The Special Edition released on DVD for the 25th Anniversary includes the original theatrical ending, and includes the extended ending with Father Dyer and Lt. Kinderman as a special feature (as opposed the "Version You've Never Seen" ending which features Father Dyer and Lt. Kinderman but omits the Casablanca reference). The Special Edition DVD also includes a 75-minutes documentary titled The Fear of God on the making of The Exorcist (although PAL releases feature an edited, 52 minute version). The documentary includes screen tests and additional deleted scenes. The Exorcist: The Complete Anthology (box set) was released in October, 2006. This DVD collection includes the original theatrical release version The Exorcist; the extended version, The Exorcist: The Version You've Never Seen; the sequel with Linda Blair, Exorcist II: The Heretic; the supposed end of the trilogy, The Exorcist III; and two different prequels: Exorcist: The Beginning and Dominion: A Prequel to The Exorcist.

The "Spider-Walk Scene"

Contortionist Linda R. Hager was hired to perform the infamous "spider-walk scene" that was filmed on April 11, 1973. Friedkin deleted the scene just prior to the original December 26, 1973 release date because he felt it was ineffective technically. However, with advanced developments in digital media technology, Friedkin worked with CGI artists to make the scene look more convincing for the 2000 theatrically re-released version of The Exorcist: The Version You've Never Seen. Since the original release, myths and rumors still exist that a variety of spider-walk scenes were filmed despite Friedkin's insistence that no alternate version was ever shot.

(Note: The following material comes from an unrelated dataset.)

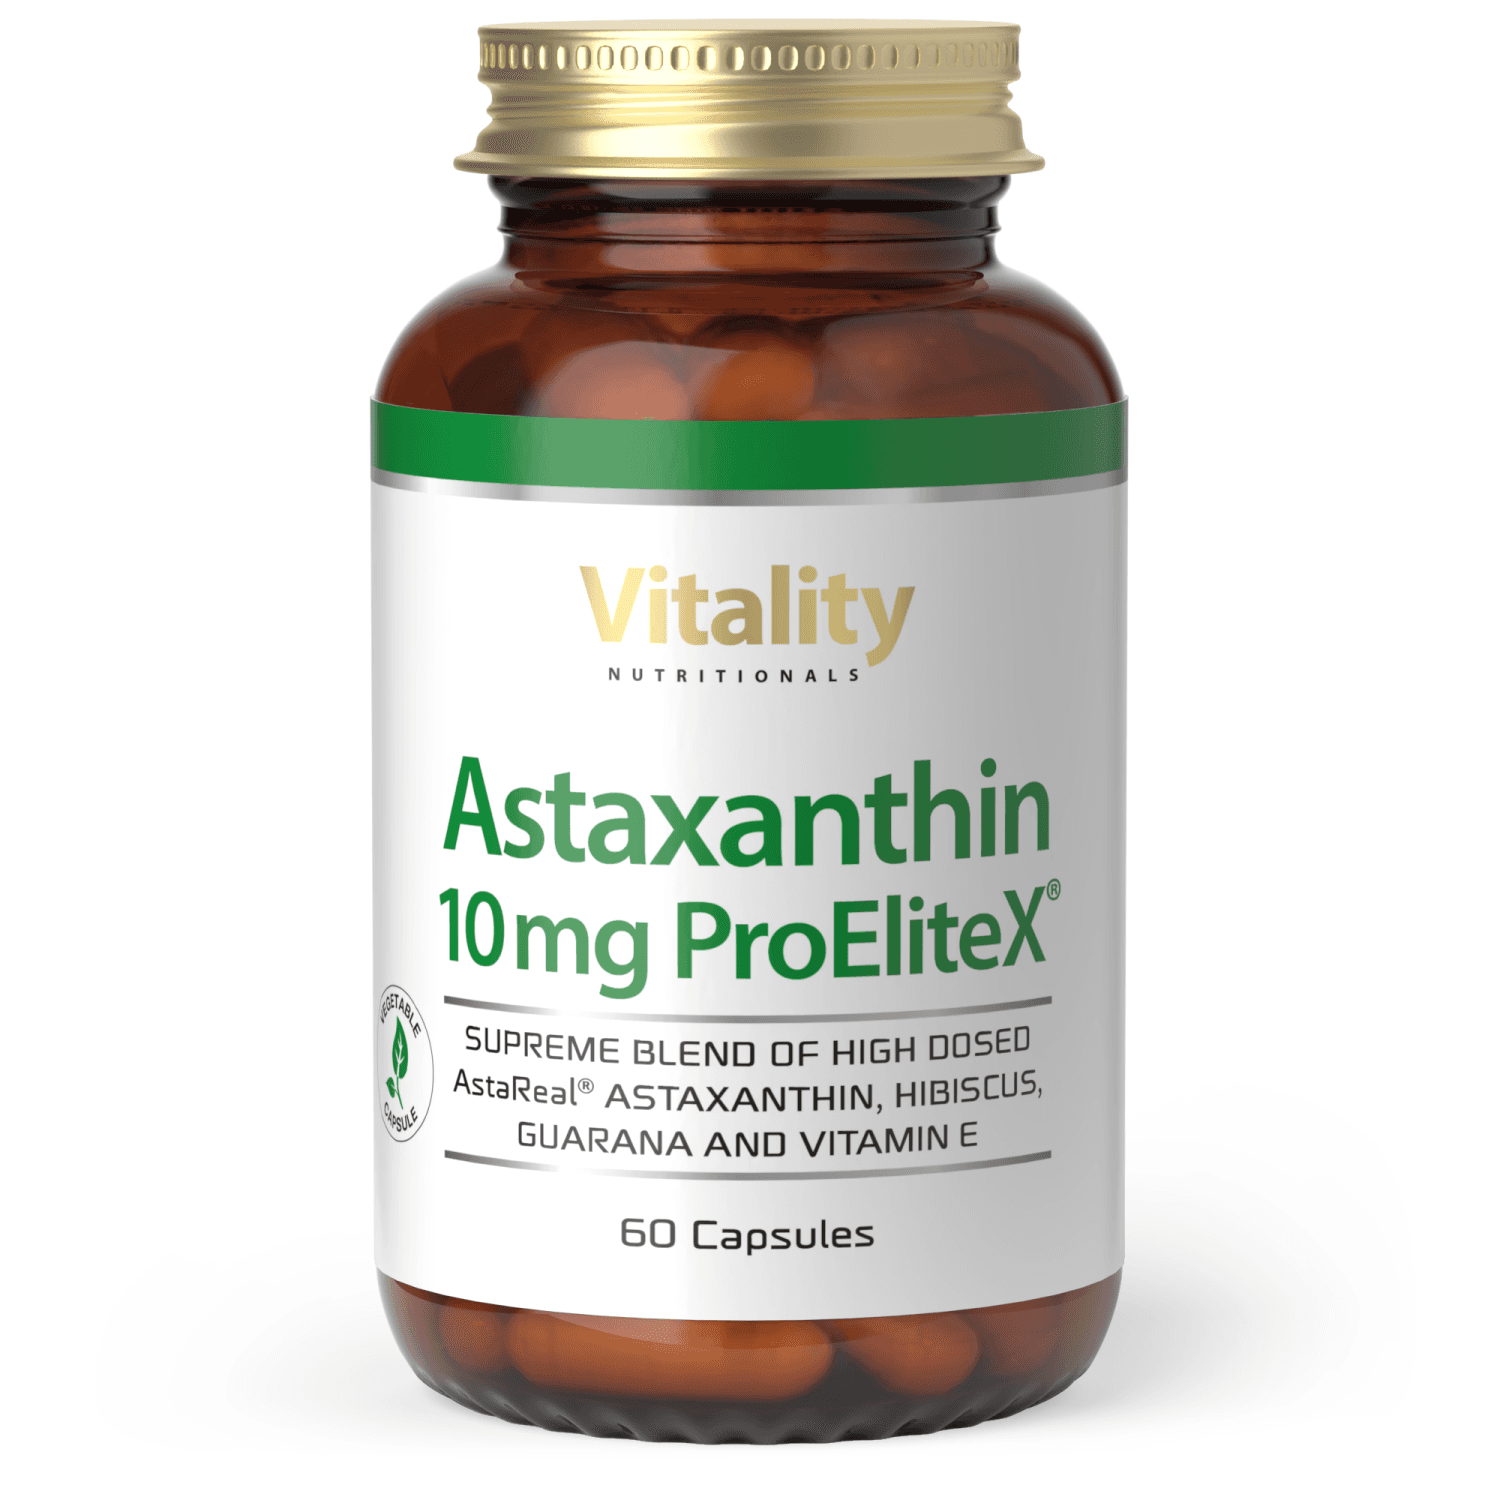 Astaxanthin 10mg ProEliteX - 60 Capsules - quantity-1
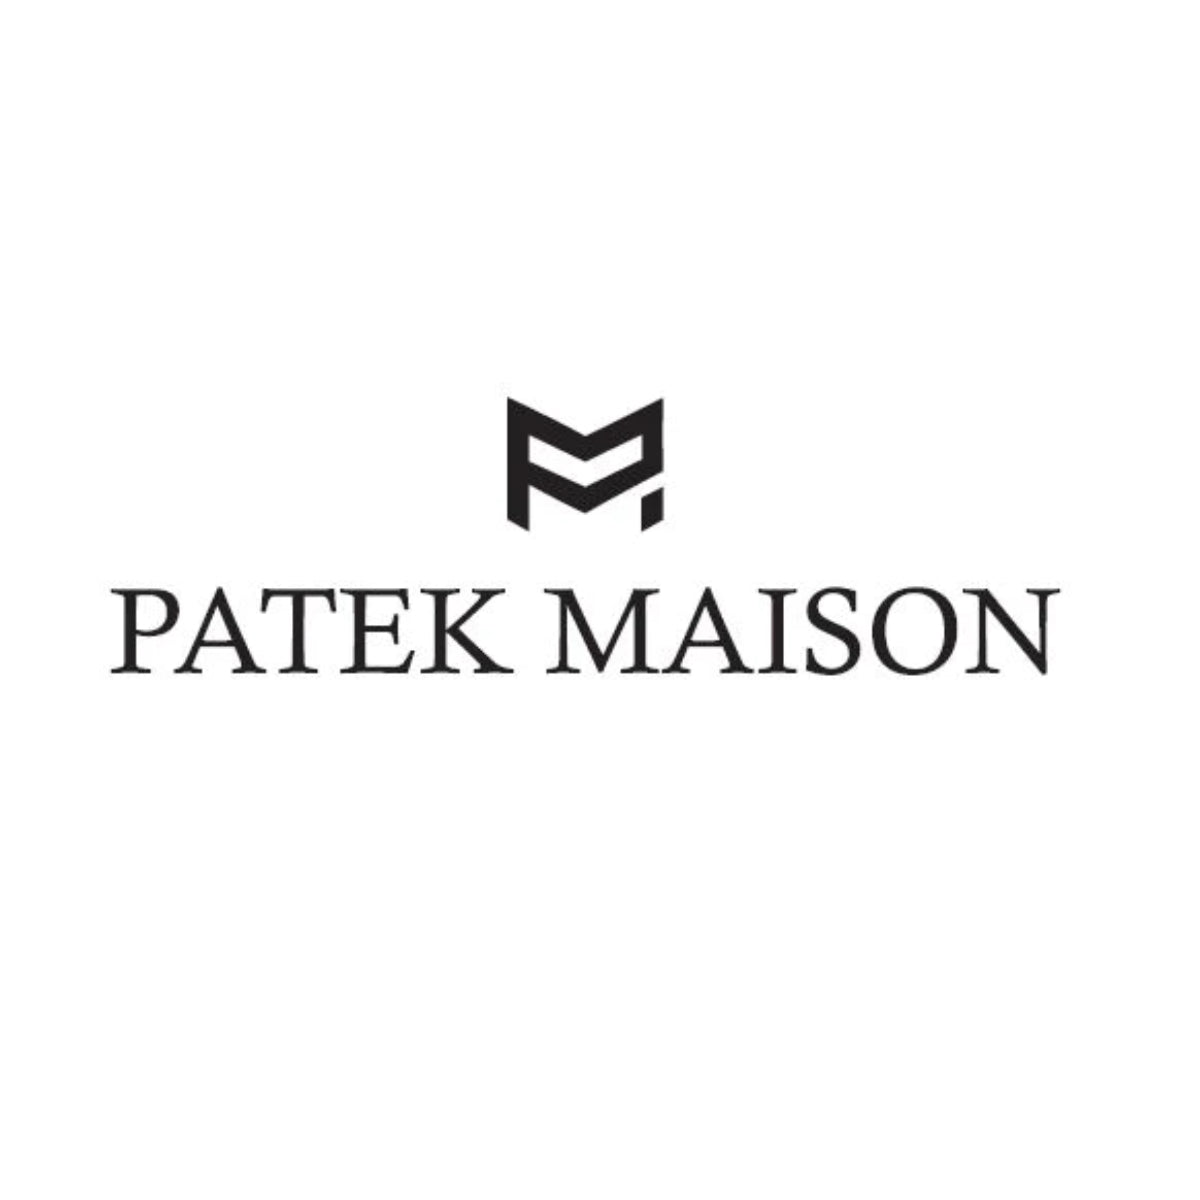 PATEK MAISON | Fragancias Colombia

In 1998, Warner Brothers re-released the digitally remastered DVD of The Exorcist: 25th Anniversary Special Edition. This DVD includes the special feature BBC documentary, The Fear of God: The Making of The Exorcist, highlighting the never-before-seen original non-bloody version of the spider-walk scene. The updated "bloody version" of the spider-walk scene appears in the 2000 re-release of The Exorcist: The Version You've Never Seen utilizing CGI technology to incorporate the special effect of blood pouring from Regan's mouth during this scene’s finale.

Sequels and related films

John Boorman's Exorcist II: The Heretic was released in 1977, and re-visited Regan four years after her initial ordeal. The plot dealt with an investigation into the legitimacy of Father Merrin's exorcism of Regan in the first film. In flashback sequences we see Regan giving Merrin his fatal heart attack, as well as scenes from the exorcism of a young boy named Kokumo in Africa many years earlier. The film was so sharply criticized that Director John Boorman re-edited the film immediately after its premiere. Both versions have now been released on video; the cut version on VHS and the original uncut version now on DVD.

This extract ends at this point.